Strategies with guarantee of stability for the integration of model predictive control and real time optimization

The aim of this Thesis is the development of predictive controllers (MPC) with guarantee of stability and that are part of a control structure where Real Time Optimization (RTO) is present and produces optimizing targets for the predictive controller. The approaches of two and three-layer are considered. Three different strategies are presented: the first strategy is developed for integrating systems; it consists on an infinite horizon MPC algorithm in two extended versions. This controller is designed to be implemented in the two-layer structure. Simulation results in a linear system with integrating and stable modes show the ability of the MPC controller to follow input targets from the RTO layer even when there are targets for integrating systems. As a second strategy, it is developed an algorithm that guarantees nominal stability of the MPC controller when it interacts with the intermediary layer of the three-layer structure.
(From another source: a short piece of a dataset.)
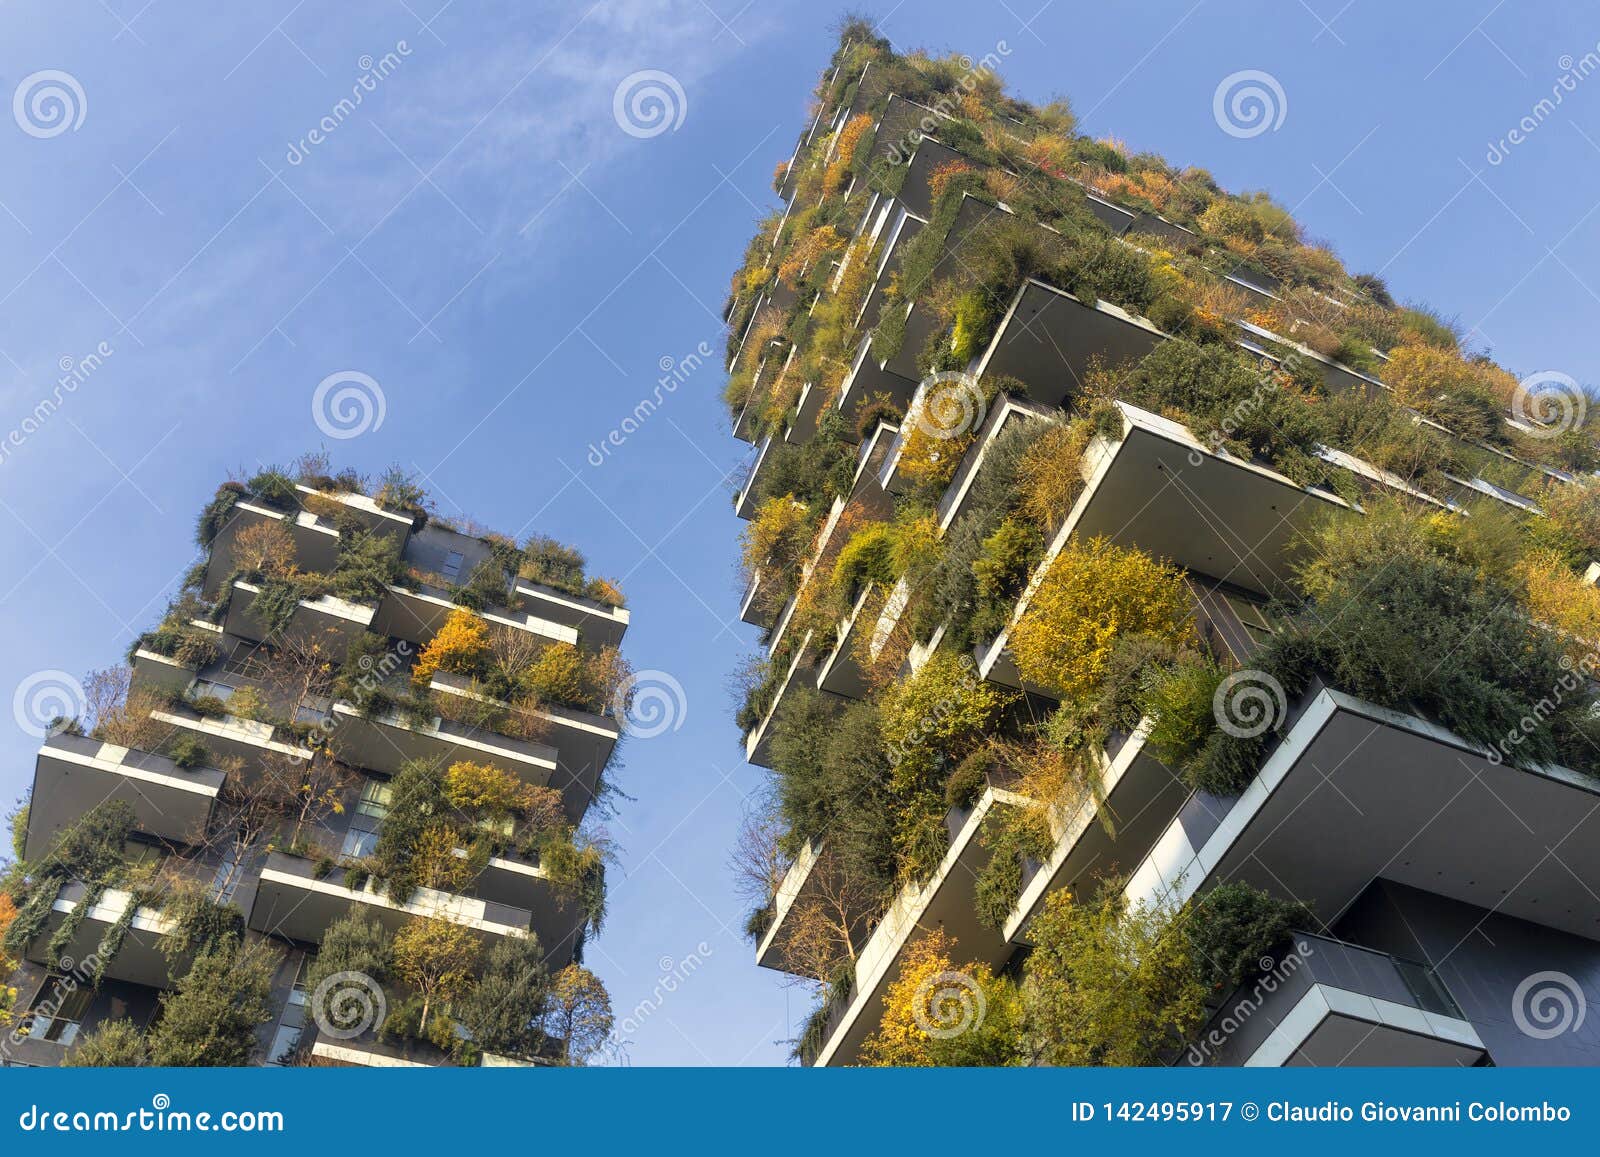 bosco verticale, modern buildings in milan

In order to produce a robust structure, an extension to uncertain systems is also developed. This approach is tested with both a linear and a nonlinear system. For the nonlinear system, which is an industrial process, the full structure that includes the RTO with the robust algorithm is simulated. Results show that the structure is capable to follow target changes when disturbances affect the process. Finally, the last strategy proposed in this Thesis consists on the inclusion of a convex function in the MPC controller to follow the RTO targets. The gradient of this convex function is considered in a quadratic term in the objective function of the MPC controller. This controller is also simulated with both a linear system and a nonlinear system. For the MPC with gradient, an extension to the case of uncertain systems is developed in order to provide a more robust controller. For the strategies developed in this Thesis, theorems that guarantee the recursive feasibility and the convergence of the closed-loop system are provided. (AU)